It’s not easy to place Praxis on the existing industry map.
We’re not precisely an educational program. We’re not precisely a job placement program. We’re a new category that could only emerge after the information age dropped the cost of info to near zero, and rote jobs became the province of software instead of humans.
For decades the surface level correlation between more formal education and a better job was strong enough that no one realized education is not the same as prep for career success. 90% of education purchasers are buying the wrong product. They think they’re buying career prep, but they are not.
Not only is the dominant formal ed conveyor belt model not doing anything to help prep people for career success (in many cases it rewards mindsets and habits that make career success harder), but the correlation no longer means you get a strong signal of potential either.
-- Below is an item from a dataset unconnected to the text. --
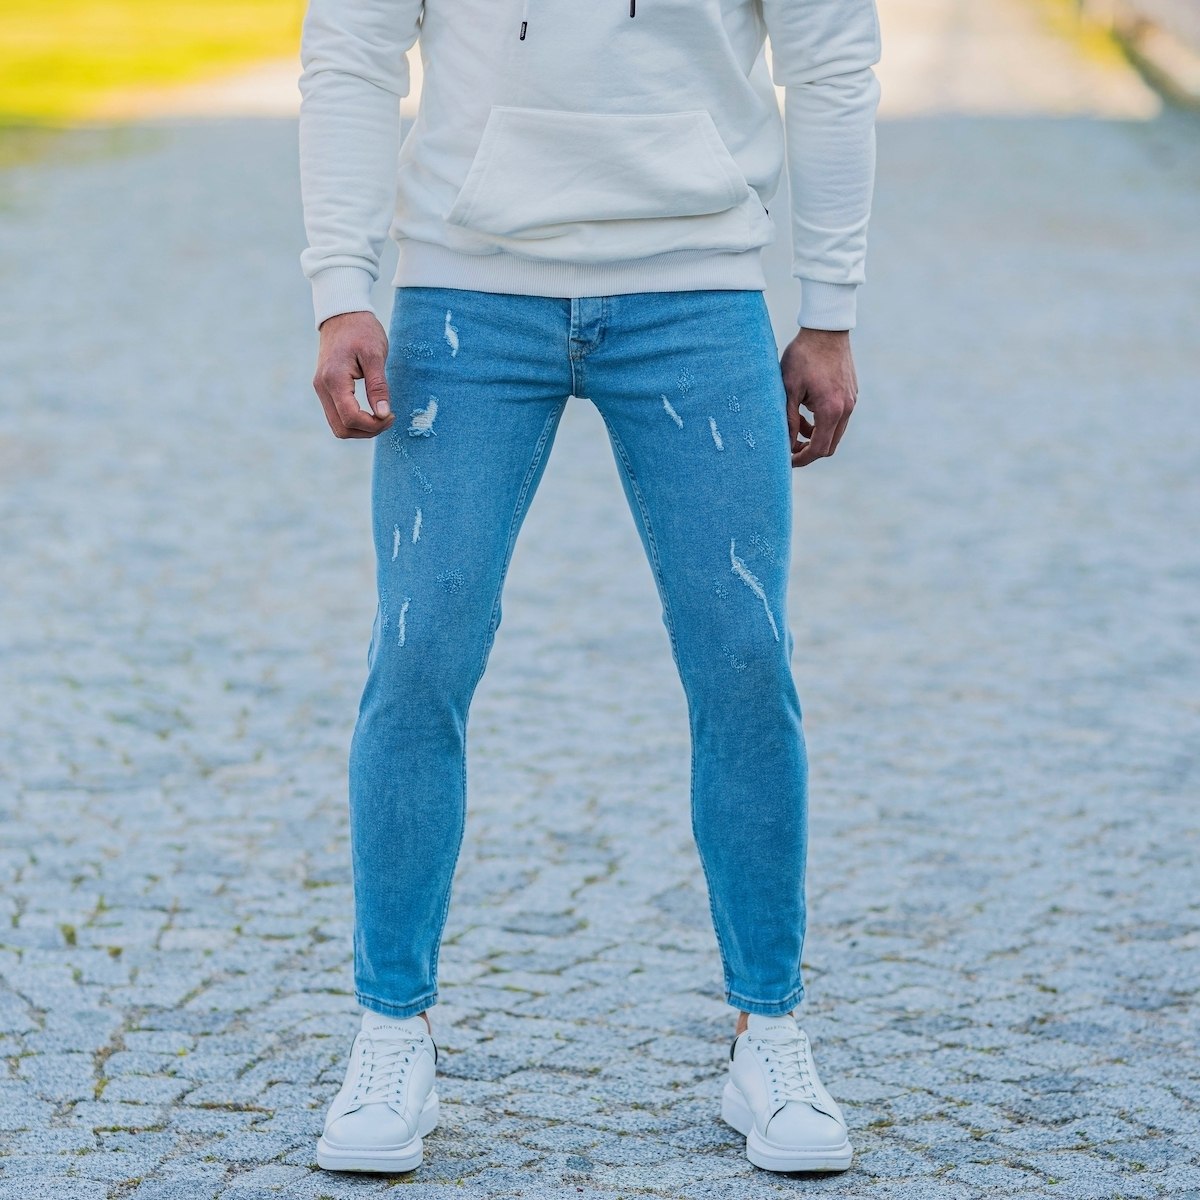 Men's Distorted Jeans In Ice Blue - 1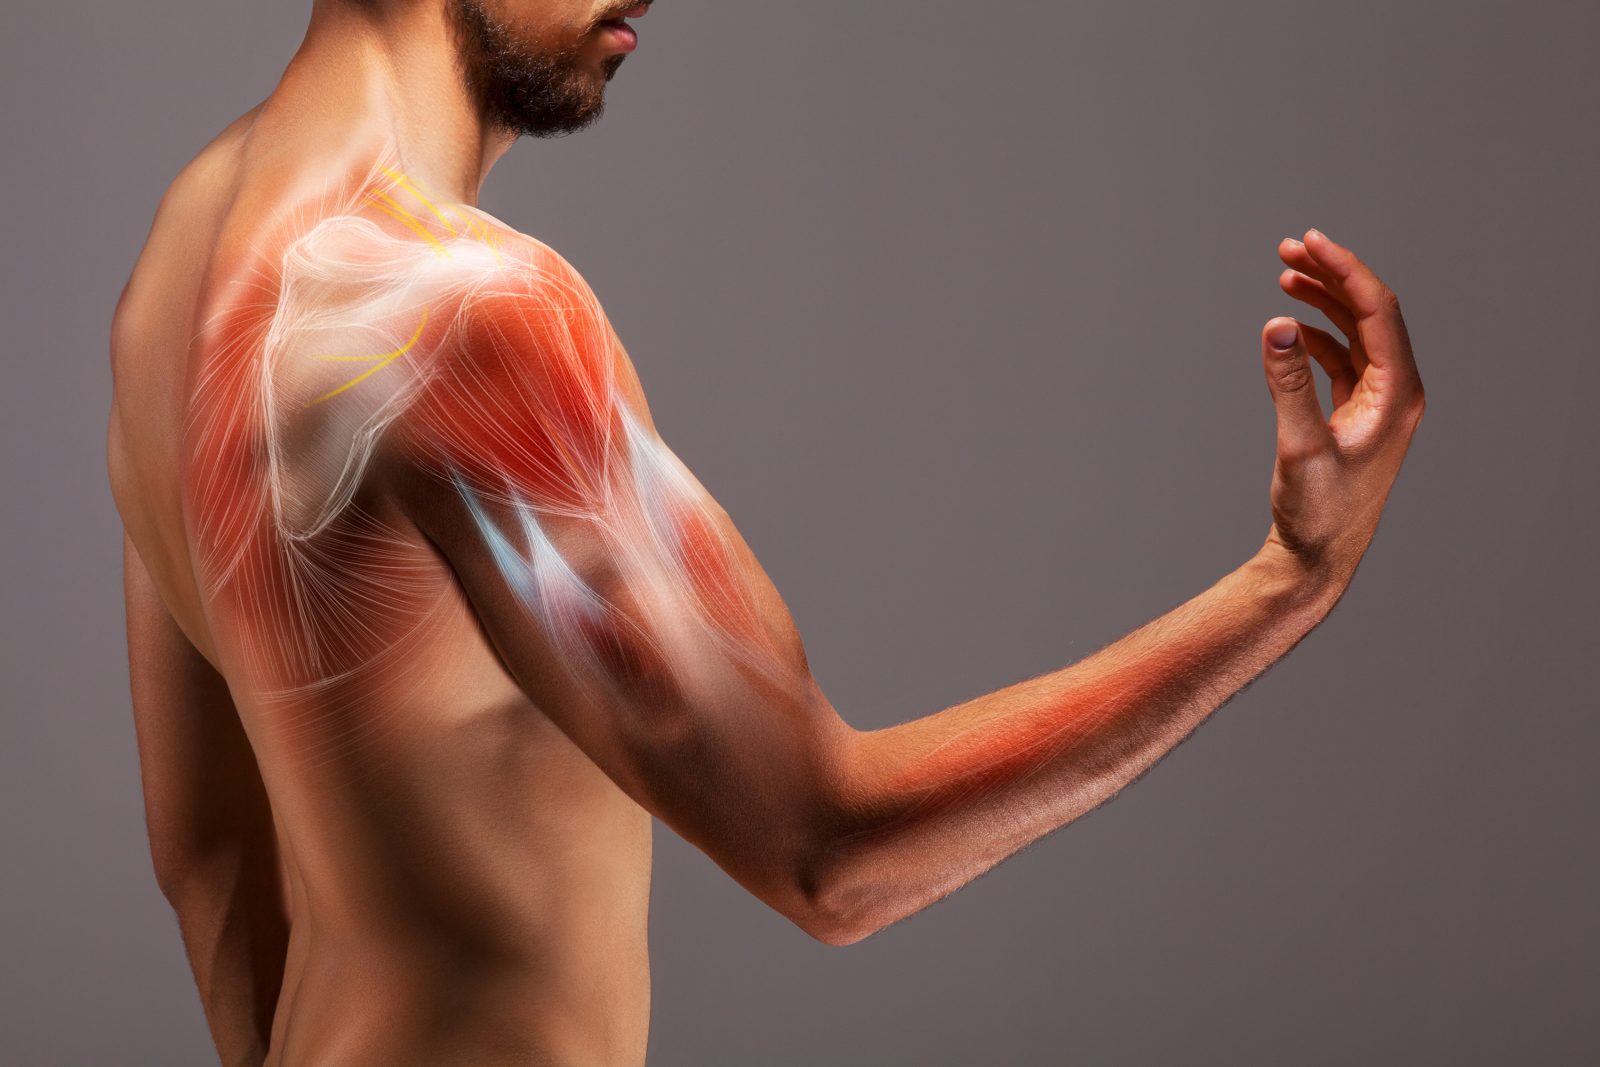 A man extends his arm. Overlaid on the arm is an illustrative representation of the structure and musculature of the human arm.

Even those who knew college didn’t teach market relevant skills still saw value in getting the paper because so many jobs seemed to want it. Seemed is the key word.
Employers want evidence of value-creation potential. If you have nothing else to show, a degree shows something. But it signals so little so weakly that almost anything can be a stronger signal. This is due to the radical drop in information costs. You can produce more reliable proof of your value today without any trusted third parties than ever before. A university stamp of approval is not a valuable signal compared to your own provable body of work.
Given these realities, innovations in “education” are not that radical, and not that big of a change. Online, different courses, etc. New ideas in an existing category. And new forms of helping companies recruit talent is not a new category either, just innovations in an established industry. Lots of businesses sell talent to companies.
Praxis creates a new category. We are defining the new industry of Career Launch, Professional Apprenticeship, Job-and-Future-Proof Career Starts, or Personal Accelerator. Those names aren’t catchy or clear, but the category is. Young people need a way to get from kid to career; from consumer to producer; from student to startup. We do that.
First, we show them how to take ownership of themselves, create value for people, and build a signal that proves it in the market. We show them that on the job learning is the only path to career discovery and mastery.
Then, we actually give them an apprenticeship in which to do it. We don’t sell talent to startups, we present startup apprenticeship opportunities to talented, prepared individuals and help them crush it. We show them how to leverage that first great experience into an awesome, flexible, dynamic career.
I think it was Ray Kurzweil who said the future is here, it’s just not evenly distributed. We are distributing the future. We are helping young people see what’s already true; that they don’t need to wait and wonder and hoop-jump and go into debt searching for some nonexistent job guarantee. They can prep now, build a signal now, get real experience now, and turn those into a career and life they love.
The category is the bridge between you and a career start. It’s not education. It’s not a jobs board. It’s everything needed to become valuable in the market and signal it, plus a real first chance to make it happen and spin that into the rest of your life. In one year, for zero net cost.
It’s an exponential leap. When you add the opportunity + tuition cost of the dominant college model, the Praxis model is easily a $300,000 improvement to the average customer.
One year in the program at zero net cost, 96% of grads get hired immediately at an average salary of $50,000. College is an average of 5 years with tuition averaging above $20,000 a year (and over 60% of grads get no job or a job that didn’t require a degree anyway). That means five years earning no pay and $100,000 in direct cost. An ambitious person choosing Praxis instead (assuming no pay raises) would have earned $200,000 by the end of that five years, and paid zero in tuition instead of $100,000.
That’s a $300,000 head start, not to mention beginning that year with 4.5 years professional experience under their belt vs. a degree holder with none. Oh, and not having an average of $37,000 in debt hanging over your head which reduces the option to do things like launch a startup.
This is a new category with an exponential improvement over previous categories attempts to solve the problem of starting a career. That’s why it’s hard, and that’s why it’s world-changing.